The 9th and the 22nd term is 29 and 55 respectively. Find the sum of the first 60 terms
doesn't specify arithmetic (or geometric) , but it comes out even
d = (55 - 29) / (22 - 9)
1st term = 29 - (9 d)
60th term = 1st term + (59 d)
sum = (1st term + 60th term) * (60 / 2)
you know that
d = (55-29)/(22-9) = 26/13 = 2
a = a9 - 8d = 29-16 = 13
S60 = 60/2 (2*13 + 59*2) = _____
oops ... 1st term = 29 - (8 d) ... not (9 d)
To find the sum of the first 60 terms, we need to find the common difference in the arithmetic sequence, and then use the formula for the sum of an arithmetic sequence.
First, we need to find the common difference (d) in the sequence.

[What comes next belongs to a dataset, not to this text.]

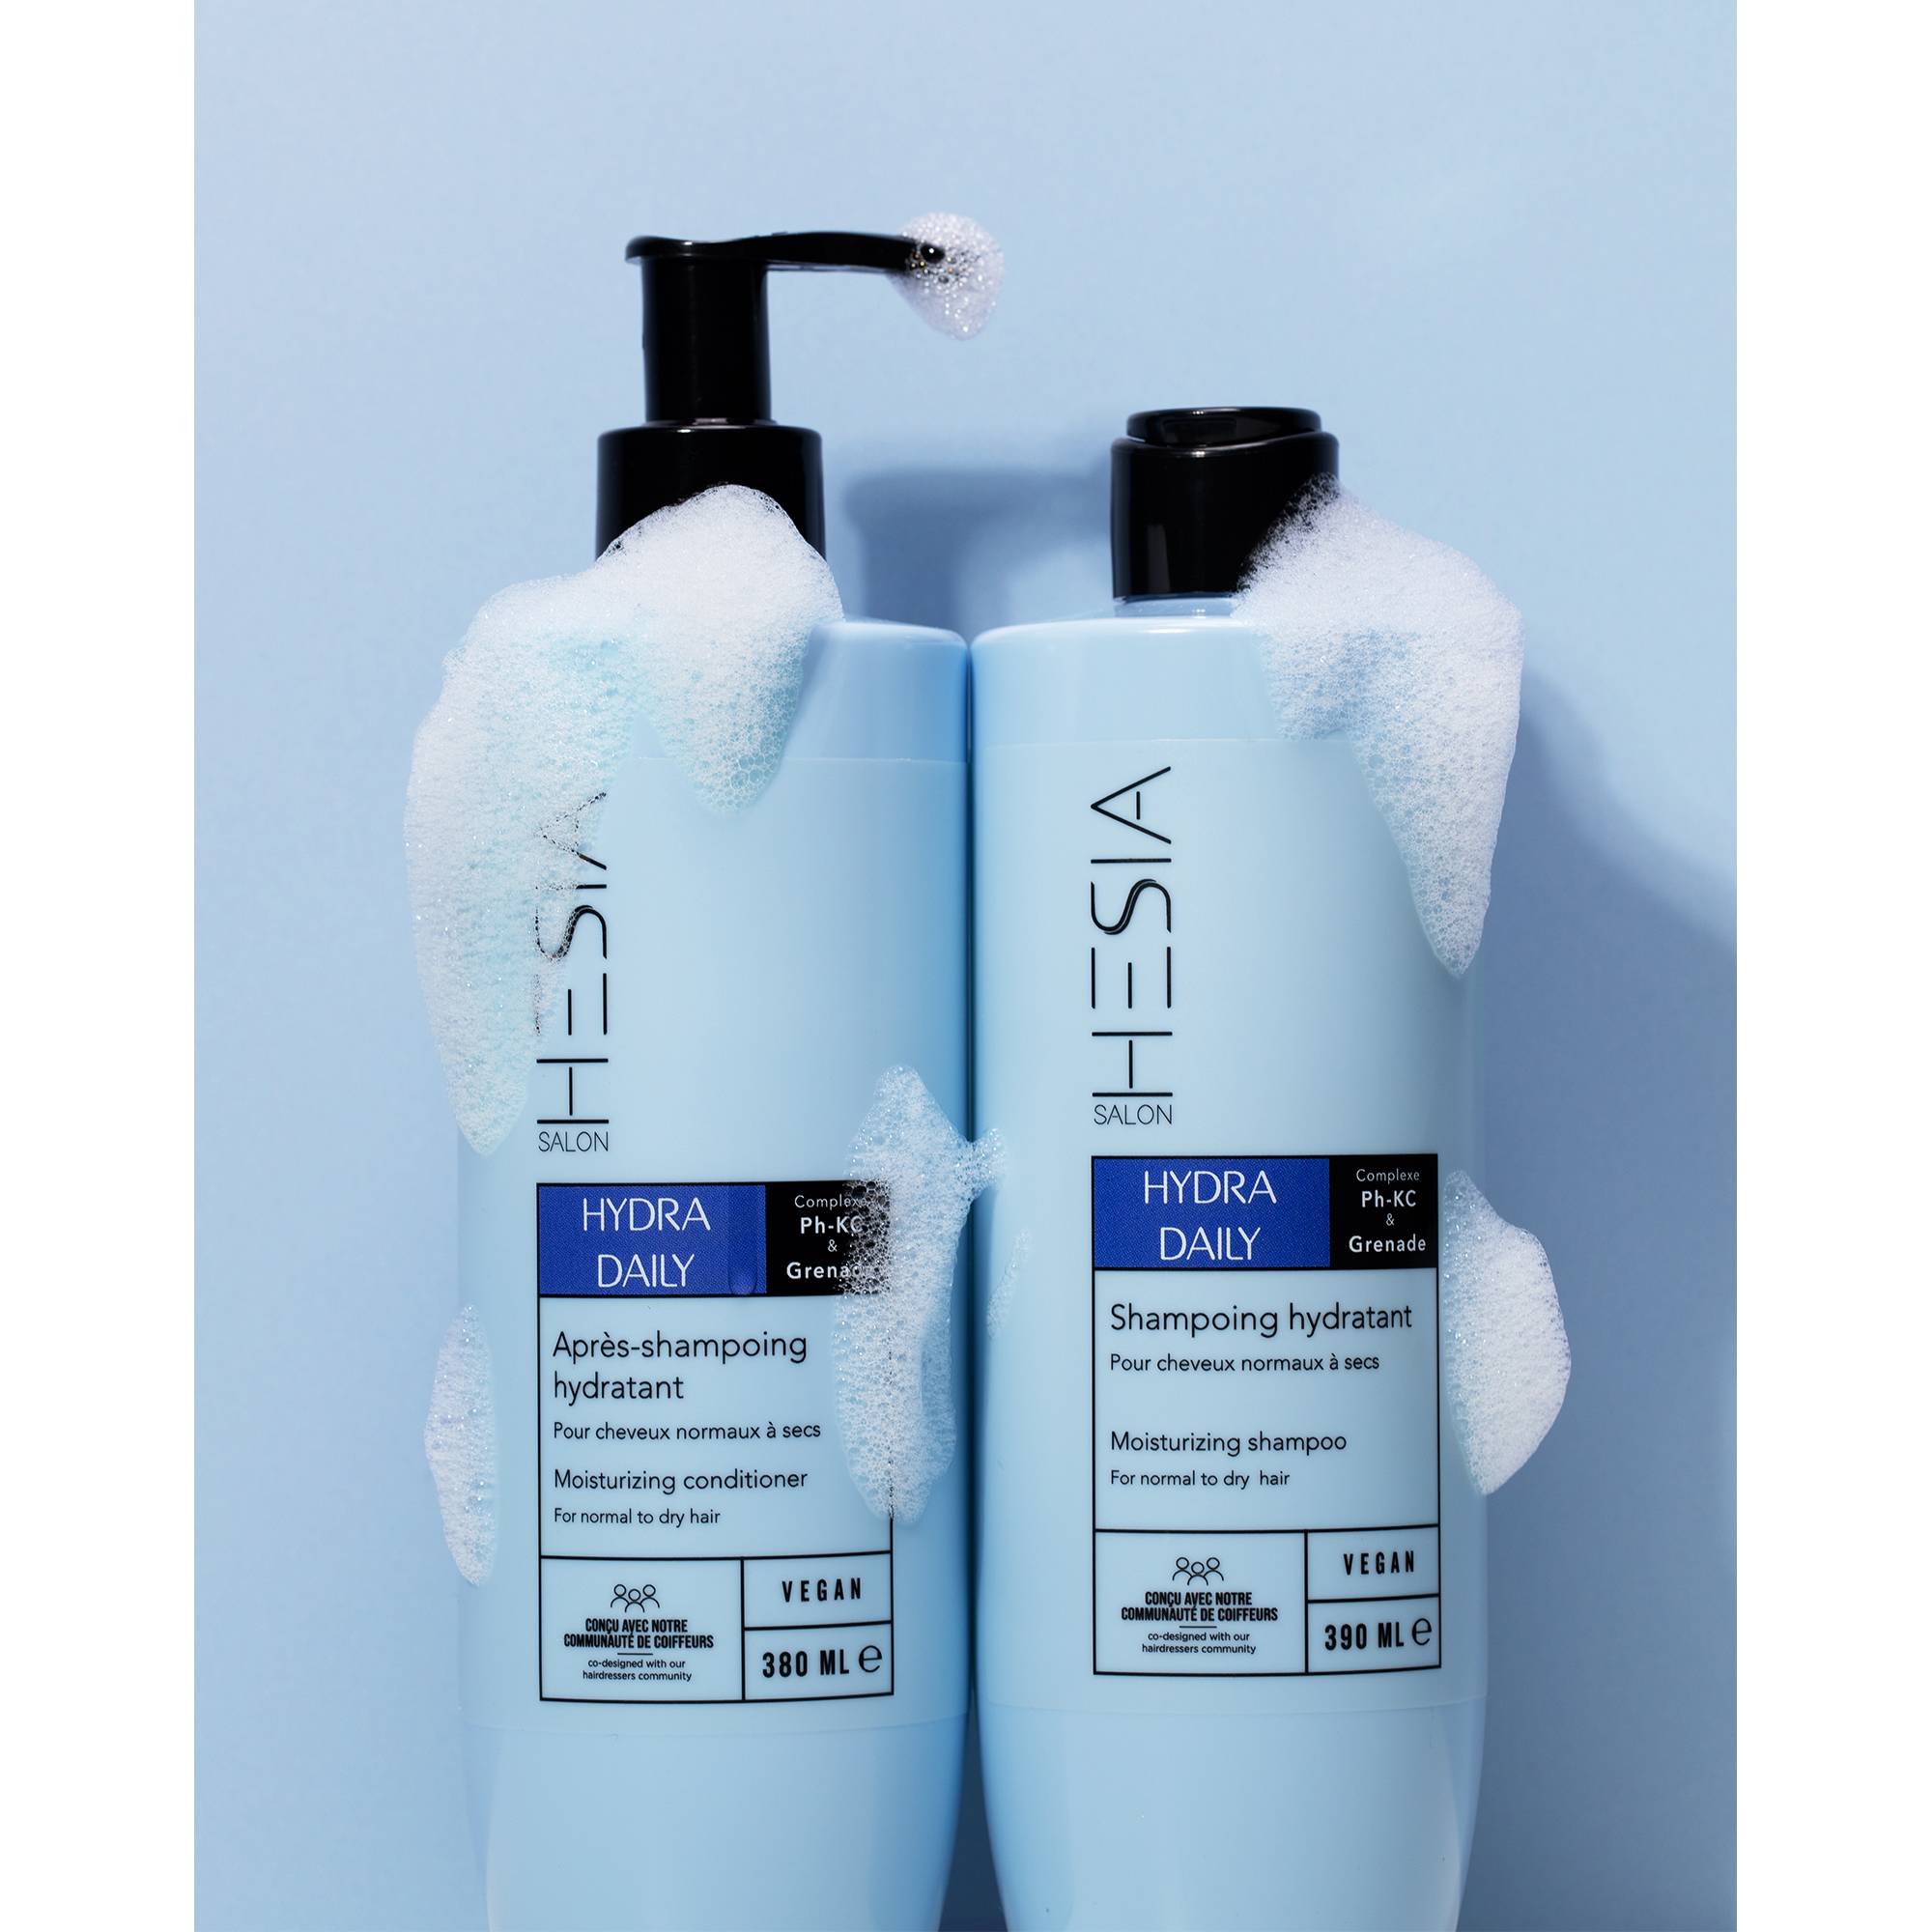 Après-shampoing hydratant Hydra Daily de la marque HESIA Salon Contenance 380ml - 4
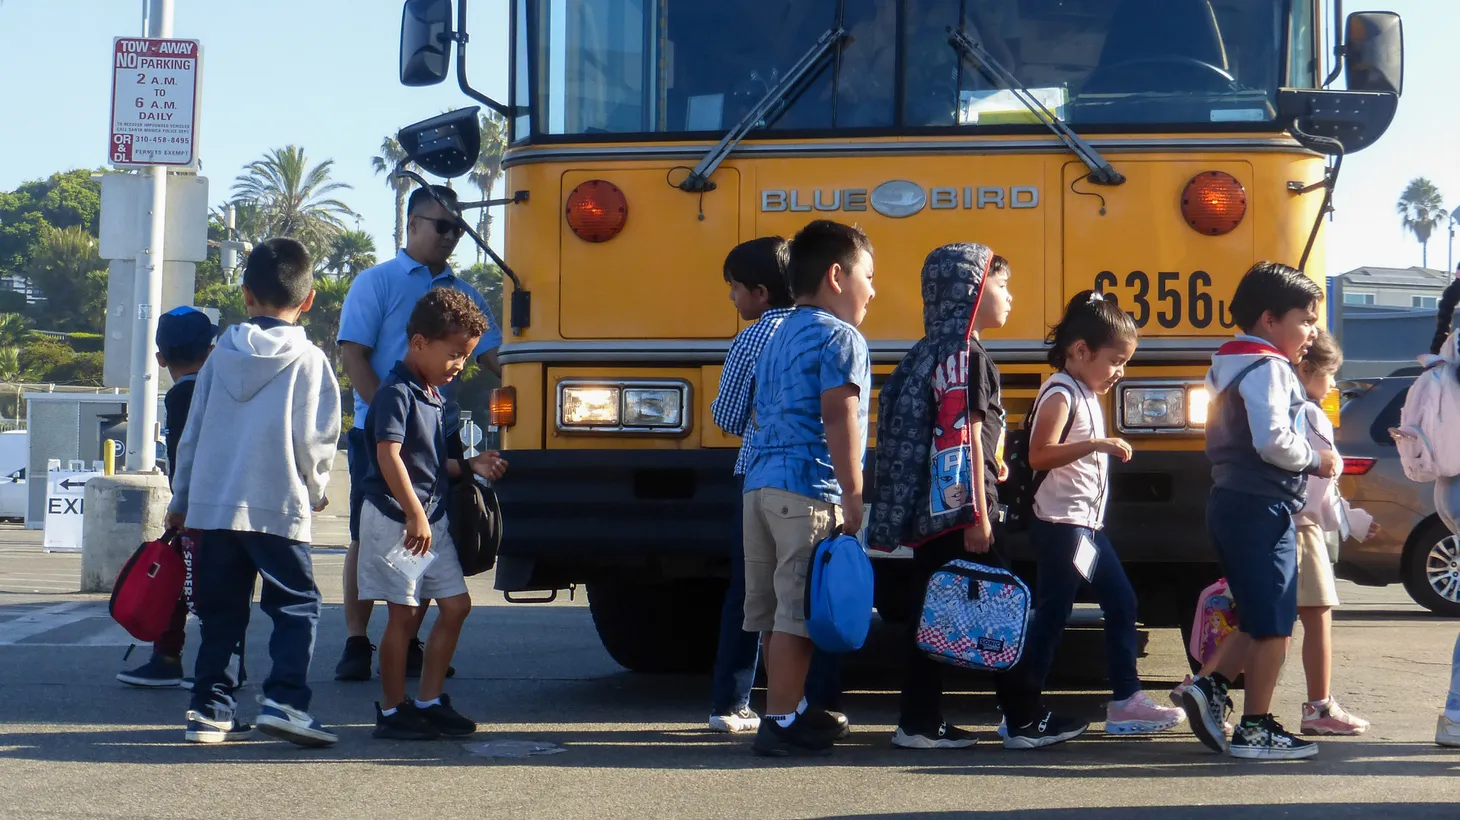 Students deboard a Los Angeles Unified School District bus at Santa Monica Pier, CA.

The common difference is the constant difference between the terms in an arithmetic sequence.
The 9th term is 29, and the 22nd term is 55.
We can find the common difference by subtracting the 9th term from the 22nd term and dividing by the number of terms between them:
d = (55 - 29) / (22 - 9)
d = 26 / 13
d = 2
Now that we know the common difference is 2, we can use the formula for the sum of an arithmetic sequence:
Sum = (n/2)(2a + (n-1)d)
In this formula:
- n is the number of terms (in this case, 60)
- a is the first term (we need to find this)
- d is the common difference (2)
To find the first term (a), we can use either the formula for the nth term in an arithmetic sequence or use the given information.
Let's use the given information:
The 9th term is 29, so we can substitute n = 9 and a = 29 into the formula for the nth term to solve for a:
a + (9-1)d = 29
a + 8d = 29
a + 8(2) = 29
a + 16 = 29
a = 29 - 16
a = 13
Now that we have the first term (a = 13) and the common difference (d = 2), we can substitute these values into the formula for the sum of an arithmetic sequence:
Sum = (60/2)(2a + (60-1)d)
Sum = 30(2(13) + 59(2))
Sum = 30(26 + 118)
Sum = 30(144)
Sum = 4320
Therefore, the sum of the first 60 terms is 4320.